The recording section 15 includes a guide shaft 42 that is arranged at the upper side of the transporting passage, a carriage 43 that is supported by the guide shaft 42 and a recording head 44 that is supported by the carriage 43 as a recording unit. Also, the recording section 15 includes a supporting member 45 that is arranged at a position where the supporting member faces the recording head 44 that pinches the transporting passage.

The guide shaft 42 is installed in the main case 12 so as to extend along a width direction Y of the sheet ST, which crosses (orthogonally) the transporting direction X. Also, the carriage 43 is guided by the guide shaft 42 and reciprocates along the width direction Y.

A plurality of suction holes (not shown) is formed at the upper surface of the supporting member 45 and a suction mechanism 46 that absorbs the sheet ST through the suction holes at the supporting member 45 is provided within the supporting member 45. A plurality of nozzles 47 that ejects ink as a liquid is provided at the recording head 44. Thus, ink is ejected from the nozzles 47 of the recording head 44 to the surface (the upper surface in FIG. 1) of the sheet ST that is supported on the supporting member 45 so that the recording (printing) of the sheet ST is performed.

Also, in the printer 11, printing data that are included in one printing job is plurally divided and the printing process is performed every scanning of the carriage 43 based on each of the divided printing data. The portion where the printing of the sheet ST is performed is transported intermittently during the printing processes. In other words, the forming of the band shape image in which the width direction Y becomes the longitudinal direction and the transportation of the paper are repeated alternatively at the recording section 15 so that the image is formed based on one printing job.

Also, the cutting of the sheet ST by the cutter 16 is performed in a state where the transportation of the sheet ST by the transportation device 14 is stopped and the upstream thereof is retained with the suction mechanism 46 of the supporting member 45 while the downstream thereof is pinched with the transporting roller pair R2. In the embodiment, when the transportation of the sheet ST is not stopped so as to perform the printing, the cutting of the sheet ST is performed. Thus, the cut sheet CS that is cut is stopped by the transporting rollers 22 to 26 and is transported continuously. The cut sheet CS is discharged to the paper discharging section 12a after the cut sheet CS is reversed at the reversing passage.

Next, the curl correcting mechanism 17 that constitutes a portion of the transportation device 14 will be described.

Some of the configurational elements of the curl correcting mechanism 17 are the transporting roller 23, the transporting roller 24 as the first roller and the driven roller 34 as the second roller.
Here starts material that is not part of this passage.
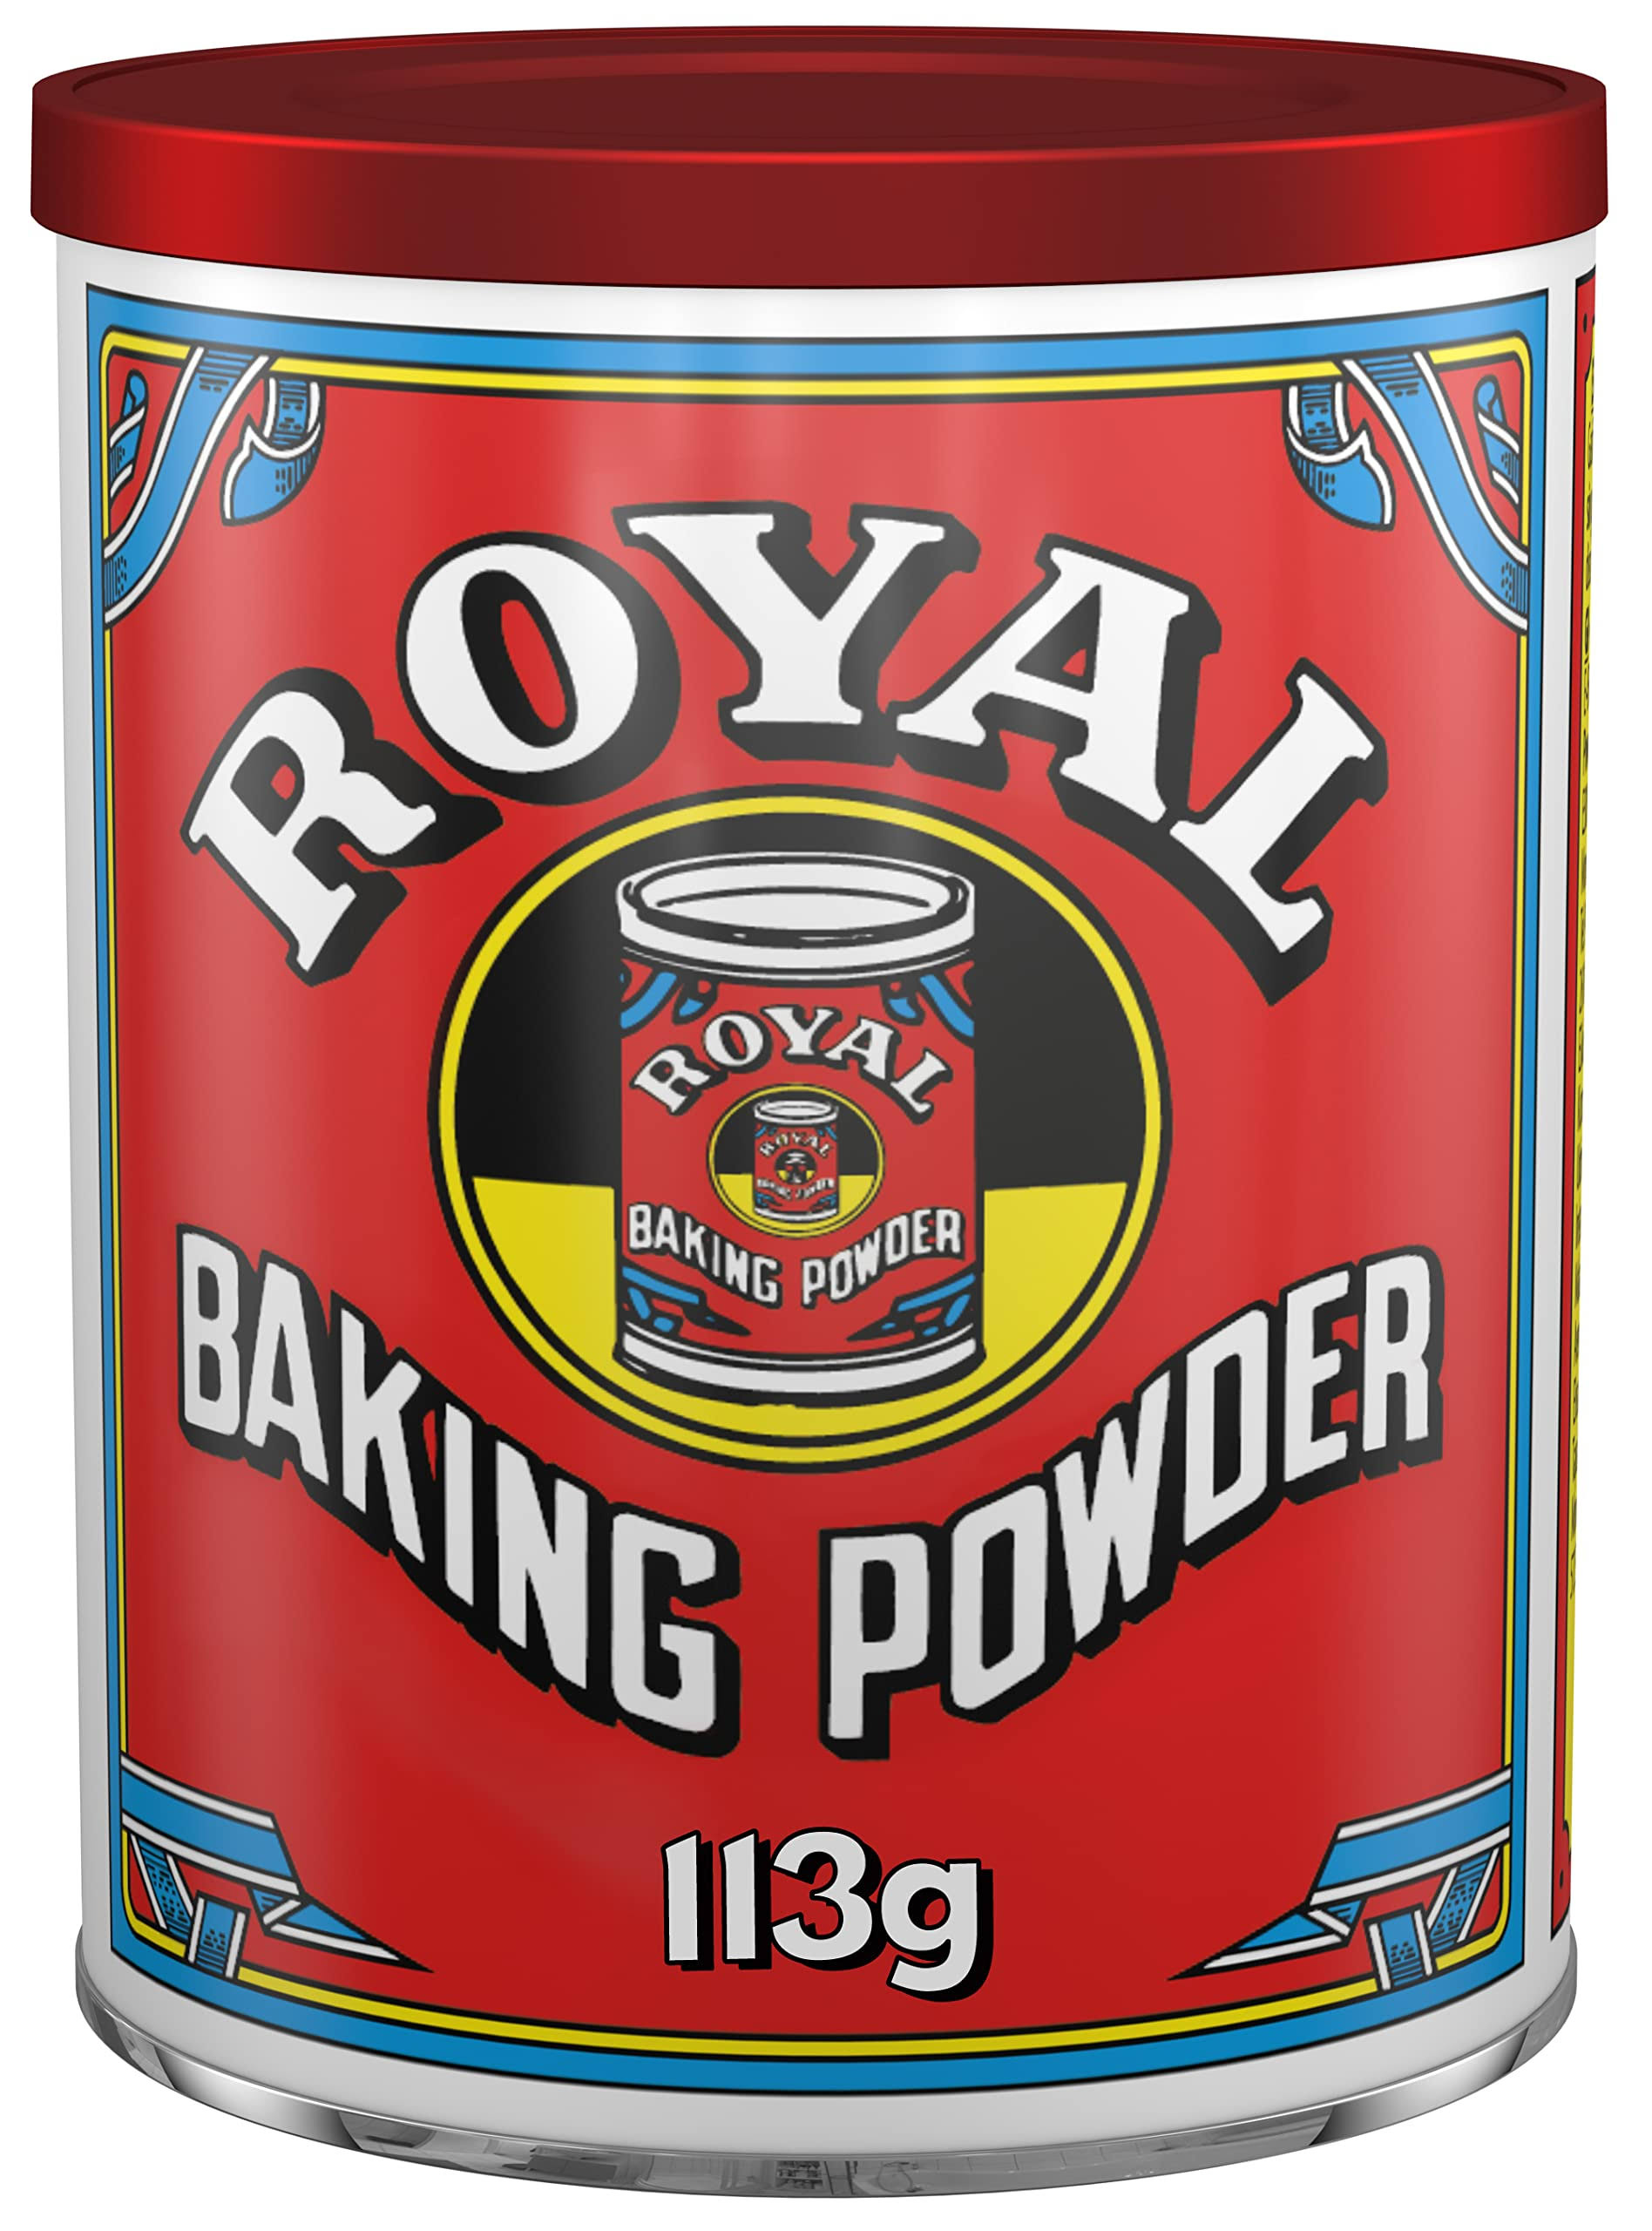 Baking Powder Royal 113g

Also, the curl correcting mechanism 17 includes a sensor 50, guide members 51 and 52 (see FIG. 2), a cam motor 53 (see FIG. 7) and a cam mechanism 60 (see FIG. 2).

The sensor 50 is a reflective type optical sensor that is electrically connected to the control device 100. The sensor 50 has a light source and a light receiving section (not shown), and is arranged at a position that becomes the lower side of the transporting passage forming member 38. The sensor 50 is formed such that the light receiving section receives the reflected light that is projected toward the upper side from the light source, and an electrical signal is output to the control device 100 according to the strength of the reflected light. For example, the sensor 50 outputs an ON value that is larger than a predetermined threshold value when the sheet ST is an object of the reflection, and outputs an OFF value that is less than or equal to the threshold value when the sheet ST is not an object of the reflection. Accordingly, the output value of the sensor 50 varies from the OFF value to the ON value so that the leading edge of the sheet ST is detected in the transporting direction X.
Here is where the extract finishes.